ErbB1-4 receptors are expressed on eHiPC

Anterior LV free wall epicardial biopsies (average weight, 26 mg) were used to obtain approximately 10⁵ myocyte-depleted cardiac cells (Fig. 1A). These cells were seeded at low cell density (500 cells per cm²) to produce colonies of highly proliferative cells. As expected, the cardiac cell suspension contained a mixture of colony-forming (Fig. 1B and C) and non-colony-forming cells (Fig. 1D and E). To characterize the proliferative capability of cardiac cells, we plated colony- and non-colony expanded cells at a density of 10,000 cells per cm², and the cultures were subsequently passaged. Colony-forming cells were capable of more than 50 population doublings over ten passages (total time in culture 42.6±1.4 days). In contrast, non-colony cells continued proliferating for only six passages, corresponding to approximately 20 population doublings (Fig. 1F).

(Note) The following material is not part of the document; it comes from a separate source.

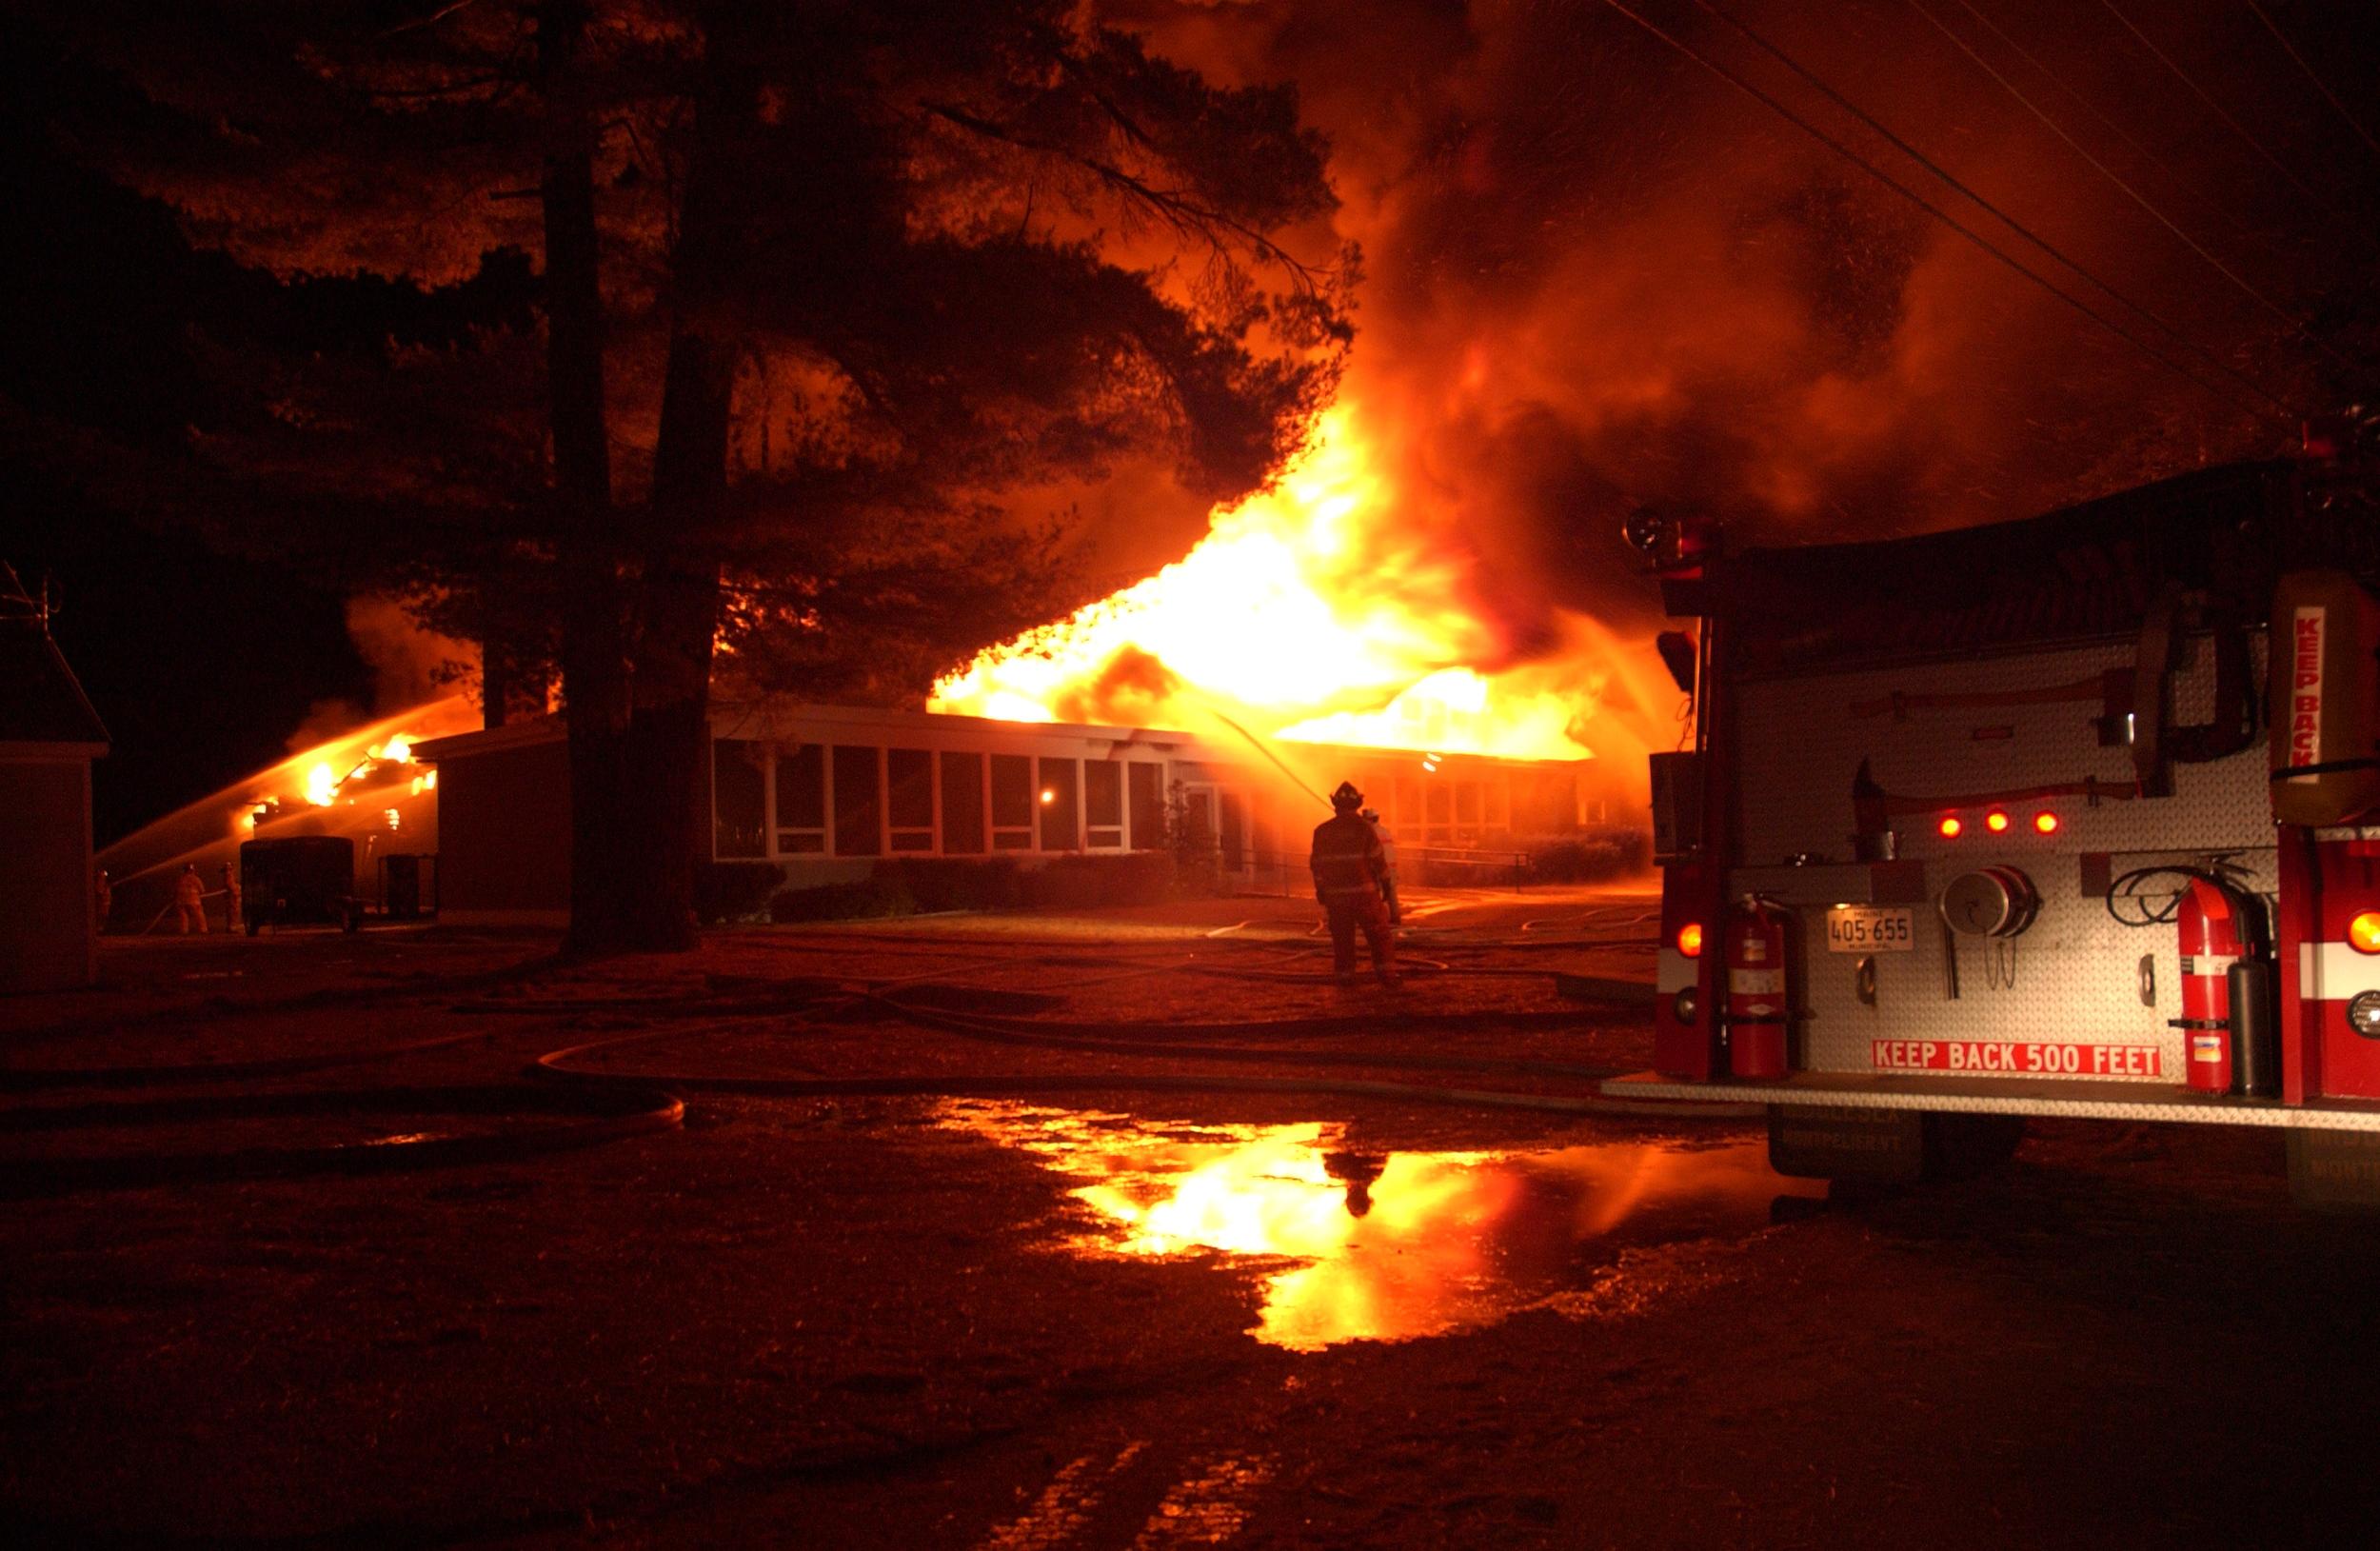 fRYBURG academy fire.JPG

Figure 1. Isolation and expansion of human epicardial eHiPC.

Single cell suspensions prepared from LV epicardial biopsies were plated into 48 well plates at low cell density (500 cell per cm²) and analyzed for growing colonies twice weekly. A. Number of viable cells per mg of LV biopsies. B-E. Micrographs of highly-proliferative colony-forming cells (B, C) and cells characterized by non-colony expansion (D, E). F. Comparison of proliferative potentials of colony-forming and non-colony forming cardiac cells. Cumulative number of population doublings was calculated by repeated cell number recordings in triplicate cultures at ~90% confluence and plating at a fixed number of 10⁴ cells per cm² in 6 well plates. G. Average number of eHiPC colonies isolated from individual LV biopsies. H. Representative flow cytometric histograms showing cell surface expression of ErbB1-4 receptors; open histograms represent specific ErbB1-4 staining, shaded represent the isotype-matched IgG control. I. Graphical representation of ErbB1-4 receptor expression on HiPC; Data are expressed as ΔMFI and presented as scatter dot plots. ΔMFI was calculated by subtraction of the MFI corresponding to cells stained with isotype-matched control antibody from the MFI of the specific ErbB antibody. The median values (indicated by the horizontal lines) and individual values are shown. J. Expression of ErbB receptors was measured at passage 1 and passage 10 in five eHiPC clones as described in the text. Significance was calculated using a paired t test. P values are indicated. K. Effects of recombinant ErbB ligands, 100 nM epidermal growth factor (EGF), 100 nM of neuregulin-1 (NRG) and 100 nM glial growth factor 2 (GGF2) on the proliferation of eHiPC. L. Effects of ErbB antagonists, 100 nM AST1306 (AST, a pan-ErbB inhibitor), 300 nM AG1478 (AG, ErbB1 inhibitor) and 300 nM TAK-165 (TAK, ErbB2 inhibitor) on the EGF-induced proliferation of HiPC; n=15, One-way ANOVA, p-values for the Bonferroni post hoc test are indicated.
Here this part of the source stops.